A team of researchers at Mount Sinai School of Medicine in New York used the gene editing system CRISPR-Cas9 to discover a biological signature of drug resistance in melanoma—a biomarker that may provide a target for new treatments. It’s a gene called IGFBP2, which touches off an epigenetic process leading to resistance. They published their findings in the journal Nature Communications.

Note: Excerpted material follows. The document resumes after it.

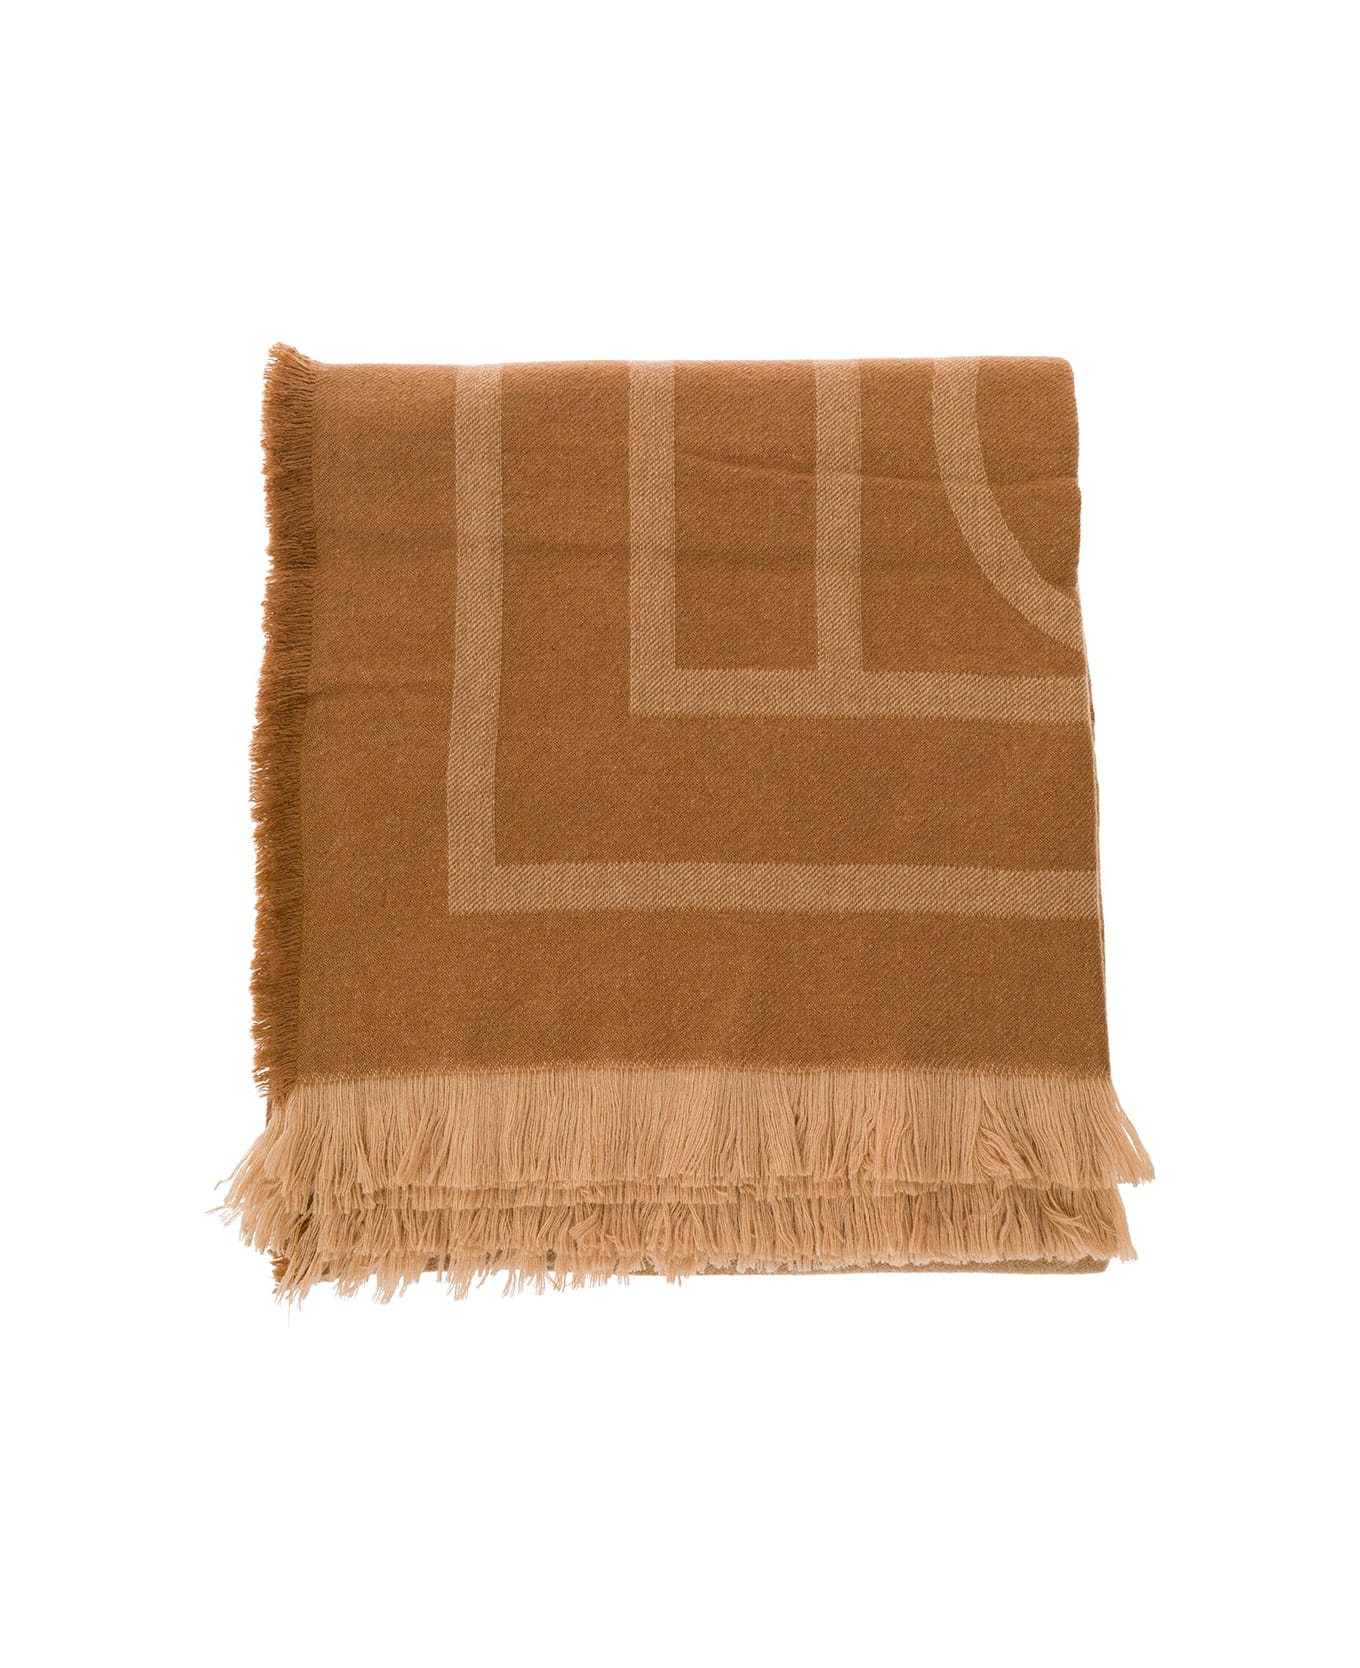 Totême Beige Scarf With Monogram Print In Wool And Cashmere Woman - Beige
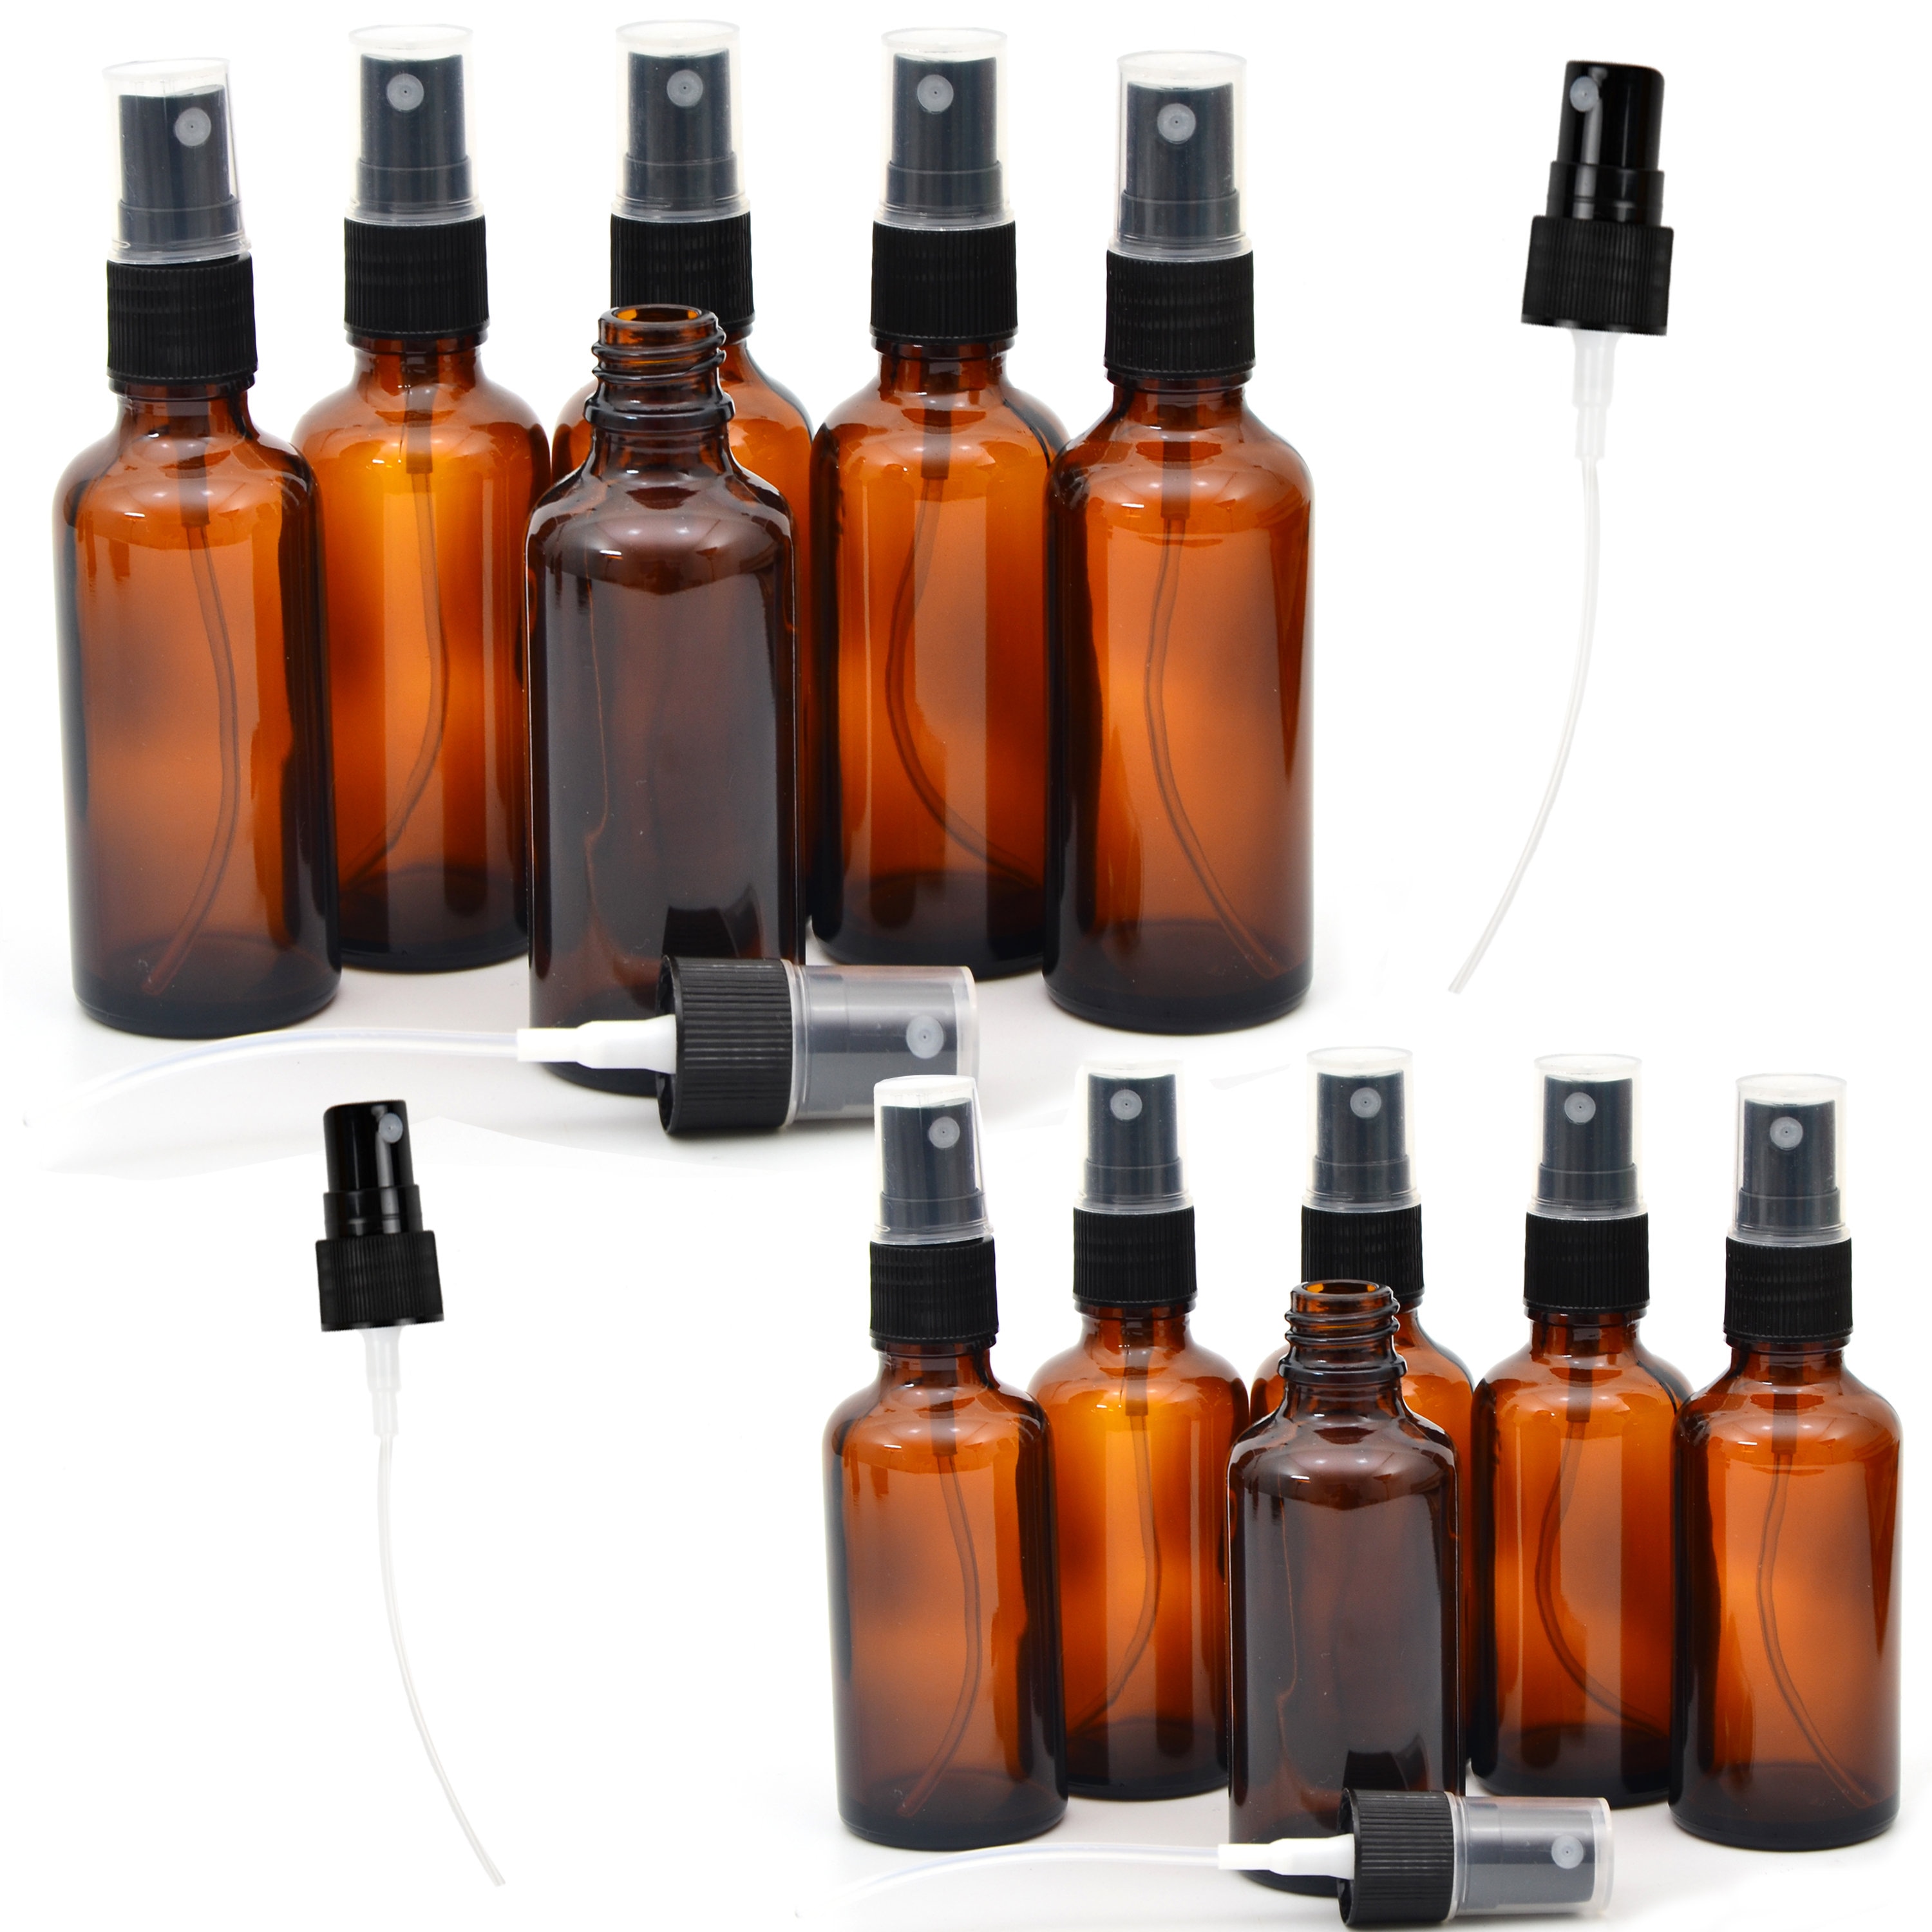 Large 32oz Amber Glass Spray Bottles with Funnel - Refillable Trigger  Sprayer Containers for Oils, Cleaning Products, Plant Misting, Cooking,  Hair

The team used CRISPR to screen BRAF-mutated melanoma cells, focusing in on “chromatin modifiers,” which are enzymes that are believed to modulate responses to targeted therapies, according to the paper. They discovered a mechanism that boosts expression levels of IGFBP2, a gene that’s associated with poor prognosis in melanoma patients. It involved SIRT6, a protein that’s key in DNA repair.
They went on to investigate whether they could inhibit this epigenetic process by combining a BRAF inhibitor with linsitinib, a drug that Astellas Pharma was once testing in a variety of tumor types. In mouse studies, they observed a reduction in the proliferation of melanoma cells, as well as an increase in apoptosis, or programmed cell death, over BRAF inhibitors alone.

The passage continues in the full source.